Product development brings higher highs and lower lows
I grew quite passionate about what we were building. Any and all free time I had I devoted to the work — sketching, designing, refining, during the morning commute to work, during the evening commute home, after my wife and child went to bed, weekends. There was a stretch when I was needed on a big client project and so was assigned full time to that work. Rather than let go of our product, I just worked even longer days. Any moment sitting meant my laptop was open in front of me, doing work (my wife did not enjoy this time). Our app meant so much to me that I needed to stay connected to the work. I was personally invested and felt responsible for it. Each milestone was celebrated. I still have the email confirmation from Apple confirming our submission to the App Store. I intend to have it framed.
But such highs bring comparable lows. I would lose a discussion over a particular feature or design and feel dejected. I would stew on the decision the rest of the day, sometimes keeping me up when I tried to sleep. It wasn’t that I was always right (I like to think I was right most of the time, but realize how foolish that notion really is). Sometimes the alternative option proved to be obviously better, or that both options were equally effective. Still, losing these battles bothered me more than on typical client projects. In those cases the product belonged to the client — not me. Here was the first time that the product belonged to me. It was personal and so it affected me more.

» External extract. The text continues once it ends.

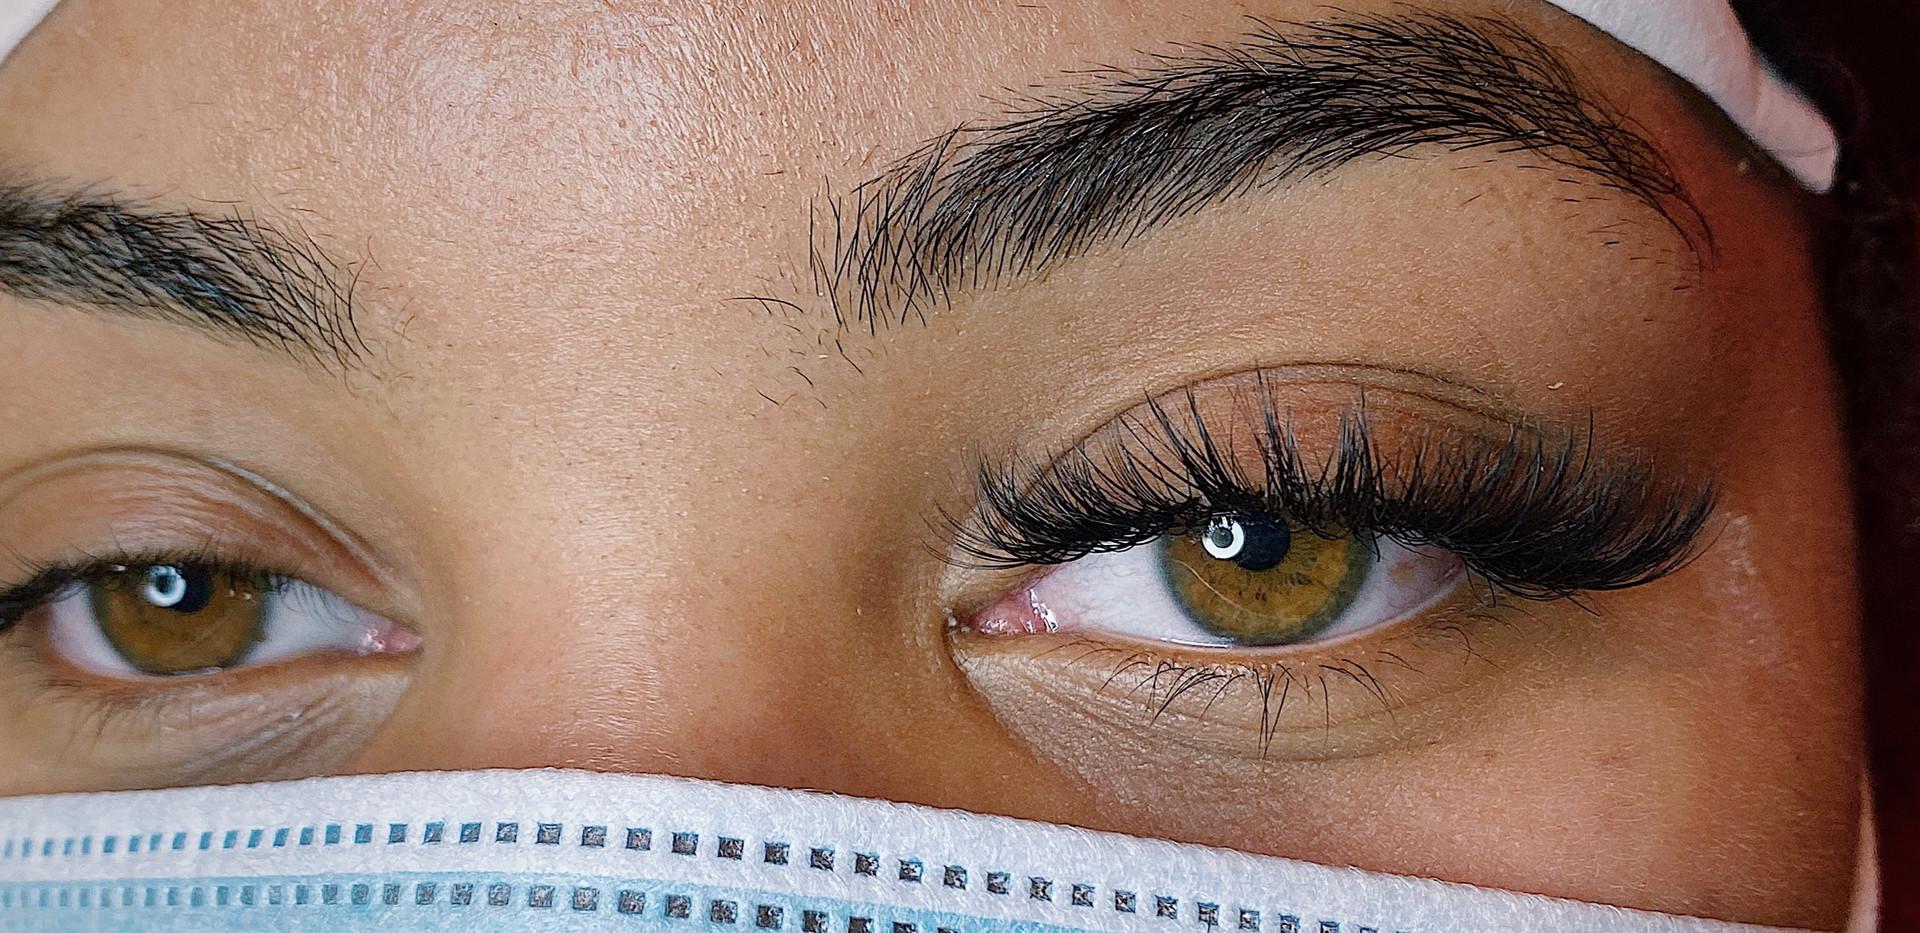 Fierce lashes

Our startup wasn't really a startup
It may have resembled a startup and we certainly thought of ourselves as one, but I believe that the reality of a startup is very different. For one, a startup isn’t paying our salaries (or to be specific, we have salaries). We work for a large, well-established company. We are very well funded. The company’s future is not tied to the success of our app, nor is my job. This takes what I imagine would be very real concerns and significant sources of stress that are typical of startup life out of the equation. That security is important to me, important to everyone on the team.
No doubt some of the challenges we encountered as we developed our app were relatable to a startup experience. We were plotting a course not traveled. We had to learn things painfully that seem obvious in retrospect. But on a certain level, our startup experience is somewhat artificial, or at least insulated. I imagine in real startup culture, success and failure carry much higher stakes. Also, when it’s time to walk away from our product, the cost will be borne by the Agency, not its employees.

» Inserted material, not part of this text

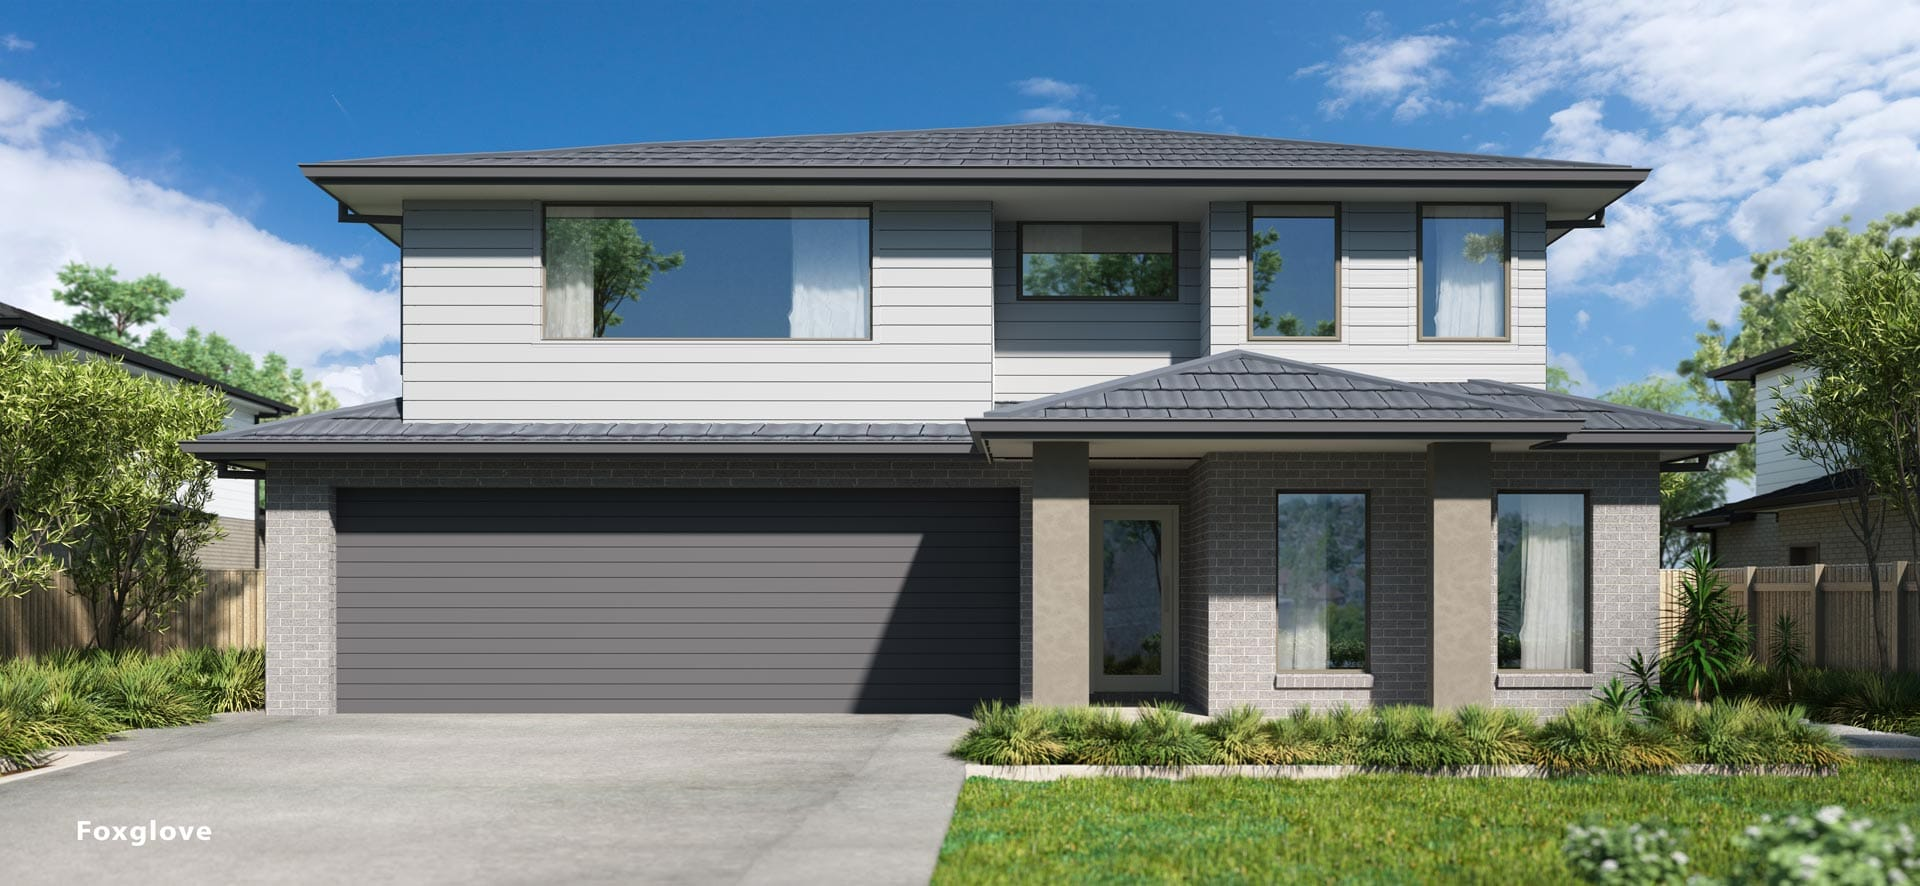 Foxglove Double House Design

(and I want to state how truly grateful I am that my agency afforded us this opportunity)
Conclusion
These are the key lessons I learned while working at a startup within my agency. While you might theoretically be developing the same thing — an app for a client or an app for your startup — the experience can be very different. Here, we’re learning from our foray into product development and figuring out how we can amend our processes. There are many real positives and negatives that are inherent to product development (the same can be said for agency work as well). On the whole, I’ve really enjoyed our startup journey.
I’ve recently had to transition back onto an important client project (two constants of agency life: (1) you don’t get to choose what you work on; (2) client work ALWAYS comes first). This has unfortunately taken me away from day-to-day operations of our startup. I hope I get back to it again, back to our product development enterprise, or perhaps down the road find an opportunity with the right startup. This has been a great experience.